By March 2018, around 45 million Americans owed an incredible $1.5 trillion on student loans. To put that in perspective, we owed a total of $1.0 trillion in credit and store card debt that month.

It hasn’t always been this way. Indeed, this form of debt is exploding. That $1.5 trillion was $1.1 trillion as recently as 2013.

Small wonder that some ask whether the burden of student loans is affecting how this generation of young achievers are living. For example, are those loans putting off many young, smart professionals from homeownership and buying new cars?

Are student loans stopping renters from buying?

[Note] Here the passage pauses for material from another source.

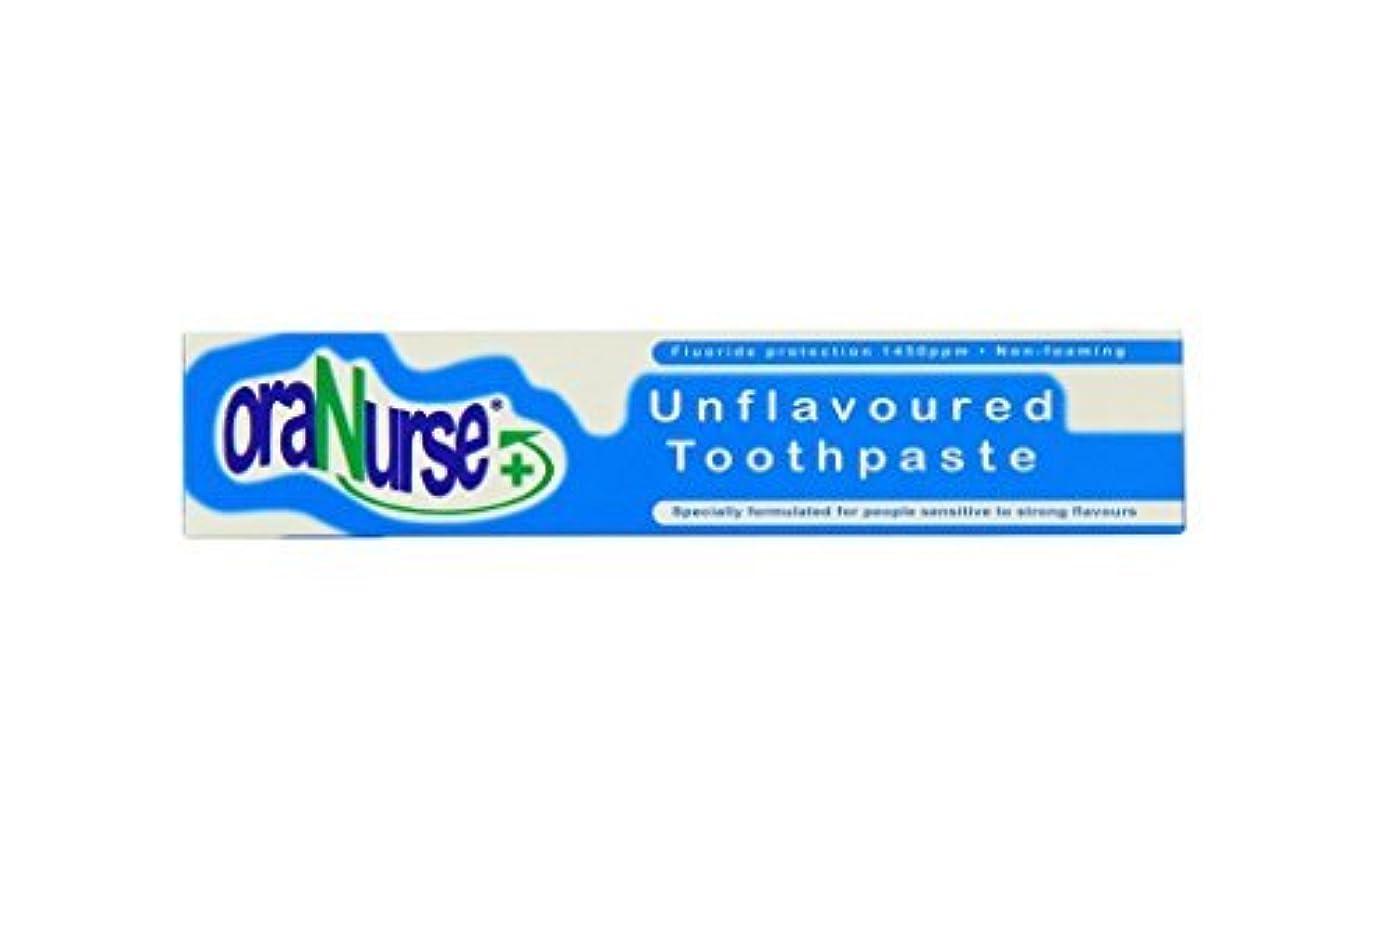 チューブ妊娠した確かめるOranurse Toothpaste 50ml Unflavoured 1450ppm Fluoride by Oranurse

The jury’s still out on that one. But there’s no doubt that these debts are blocking some aspirational homebuyers. This happens in two main ways:

  1. In some cases, student loans can now hurt credit scores
  2. Student debt payments make mortgage payments less affordable

Read on for more.

Student loans and credit scores

Everyone knows that making late payments hurts credit scores. Your record of prompt payments makes up 35 percent of your FICO score. (FICO is the company behind the most widely used scoring technologies.) Late payments on student loans can drop your FICO score by 60 to 110 points.

Related: First-time buyer's guide: buying with student loans

However, your student loan can actually have a positive impact on your score. That’s because a healthy “credit mix” accounts for 10 percent of that score. A good mix is one with a balance of installment loans and revolving credit accounts, meaning:

  • Installment loans — You borrow a fixed amount and repay it over a fixed period in equal monthly installments — like auto loans, personal loans, and student loans
  • Revolving credit — You receive a credit limit and can borrow, repay and borrow up to your limit and there is no fixed term — most credit cards are revolving accounts

If you have all plastic and no installment loans, a student loan can improve your credit mix and boost your score.

And, of course, simply making on-time payments every month boosts lower scores and keeps great ones high.

A new threat

Until a few years ago, the last few paragraphs described the whole “student loans and credit scores” story. But then FICO released a new version of its application that introduced a fresh threat to those with student loans.

This concerns “credit utilization,” which makes up 30 percent of a FICO score. But it’s very different from the credit utilization rules that apply to credit cards. They say you’ll be penalized if you let your card balances exceed 30 percent of your credit limits.

Don’t panic! Your score will NOT suffer until you get your student loan debt down to 30 percent of the amount borrowed. In almost all circumstances, FICO treats student loans as installment loans and credit utilization rules don’t apply.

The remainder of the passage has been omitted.